# PSA: Tesla Warning on Relay Attacks but can happen to almost any newer car



## Brokedoc (May 28, 2017)

Public Service Announcement:

Electrek had an article today about Tesla sending out emails warning about a new, high-tech way that thieves are stealing cars with "Relay Attacks" but can happen to almost any newer car with a keyfob that the car senses when the driver is close to the car. The Bluetooth Phone Key used in the Model 3 is a different technology but it may be possible for thieves to do a relay attack with Bluetooth as well.

The keyfobs communicate wirelessly with the car at a very limited distance and exchange security codes to ensure that the right key is operating the right car. Thieves use relay boxes that simply bridge the signal and fool the car into thinking that the keyfob is close to the car. After getting in, the thieves can start the car and drive it away.

TLDR: Tesla recommends disabling the auto unlock feature when driving to a populated area or an area where theft may be more likely. Alternatively, or with any other car that uses proximity detecting keyfobs, using an inexpensive RFID blocking pouch or Faraday cage will block any signals from the keyfob as well.

Here is an example of a Mercedes Relay Attack theft last year in Britain that was captured on surveillance. https://www.ndtv.com/offbeat/merced...econds-high-tech-theft-caught-on-cctv-1781274

https://electrek.co/2018/07/31/tesla-theft-tips-help-prevent-relay-attacks/


----------



## raptor (May 6, 2018)

I'm not worried about it.
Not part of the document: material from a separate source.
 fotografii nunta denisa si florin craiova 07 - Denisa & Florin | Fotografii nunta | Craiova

In most cases, I can't even get into my own car using my own finangled bluetooth doohickey.

Kidding aside, I hope Tesla's Bluetooth implementation is robust enough to resist this attack, since they seem to be able to figure out if you're close to the vehicle or not.


----------



## scott franco (Apr 11, 2018)

If the thieves are that clever, why can't they get a job with IT? Most of those clowns have no idea what they are doing.


----------



## scott franco (Apr 11, 2018)

raptor said:


> I'm not worried about it. In most cases, I can't even get into my own car using my own finangled bluetooth doohickey.
> 
> Kidding aside, I hope Tesla's Bluetooth implementation is robust enough to resist this attack, since they seem to be able to figure out if you're close to the vehicle or not.
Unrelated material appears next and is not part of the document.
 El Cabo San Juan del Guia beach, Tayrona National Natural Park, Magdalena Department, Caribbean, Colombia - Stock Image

No kidding. Get one of the thieves to tell US how to get into the car. Its the ultimate theft prevention device, I can't get into my own car, either.


----------



## Brokedoc (May 28, 2017)

Another article plus a good quality video of thieves in the UK stealing a Model S. Makes me seriously think owners of ALL car makes should use the PIN feature to protect their cars from relay attacks.

Oh wait.... only Tesla has that feature.... I guess everyone else should use a RF blocking pouch then.
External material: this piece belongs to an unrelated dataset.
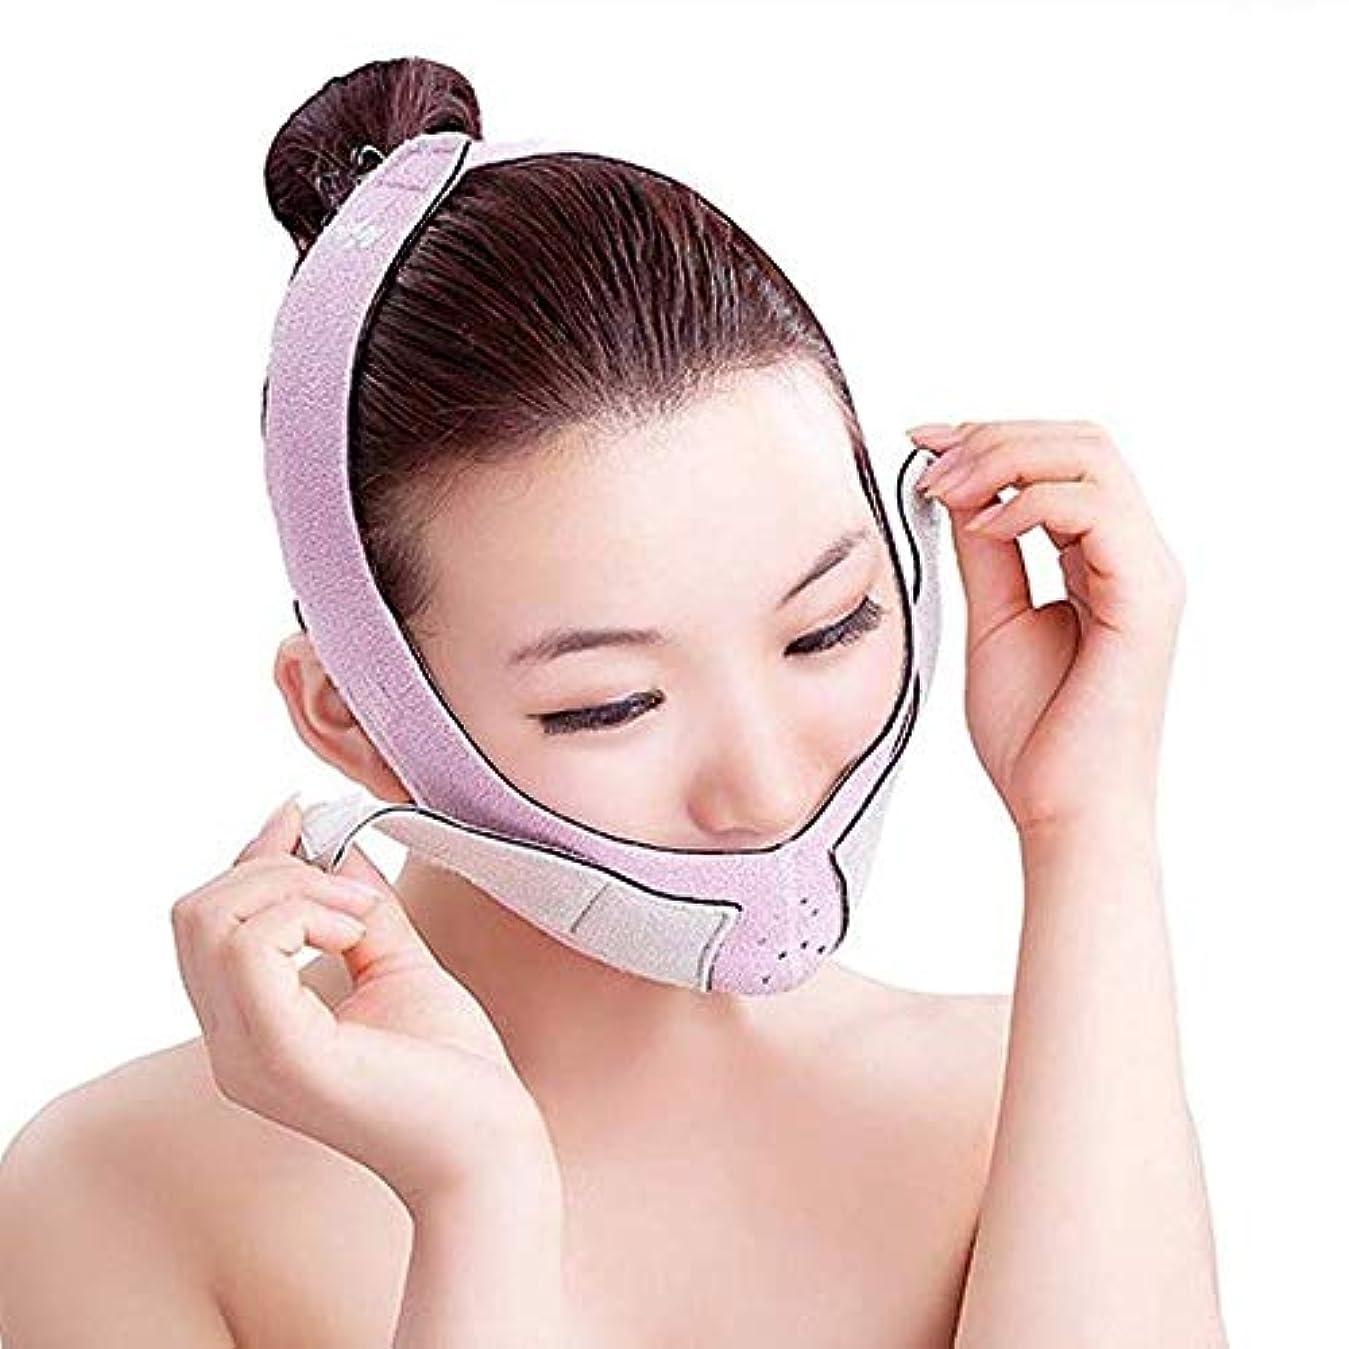 ロードされたアピール平和的HEMFV フェイススリミングマスク、3Dフェイスリフトスリミングフェイシャルマスク、皮膚のたるみを排除 - アンチエイジング痛み無料ウェイVフェイスラインベルトチンチークスリムリフト

https://www.engadget.com/2018/10/22/tesla-model-s-theft-keyfob-hack/


----------



## Bokonon (Apr 13, 2017)

Brokedoc said:


> I guess everyone else should use a RF blocking pouch then.
> https://www.engadget.com/2018/10/22/tesla-model-s-theft-keyfob-hack/


Keyfob? What's a keyfob?


----------



## Karl Sun (Sep 19, 2018)

Nothing to be worried about around here. 

If someone wants your car, they all have gun alreadys. Suddenly your car becomes a low priority.


----------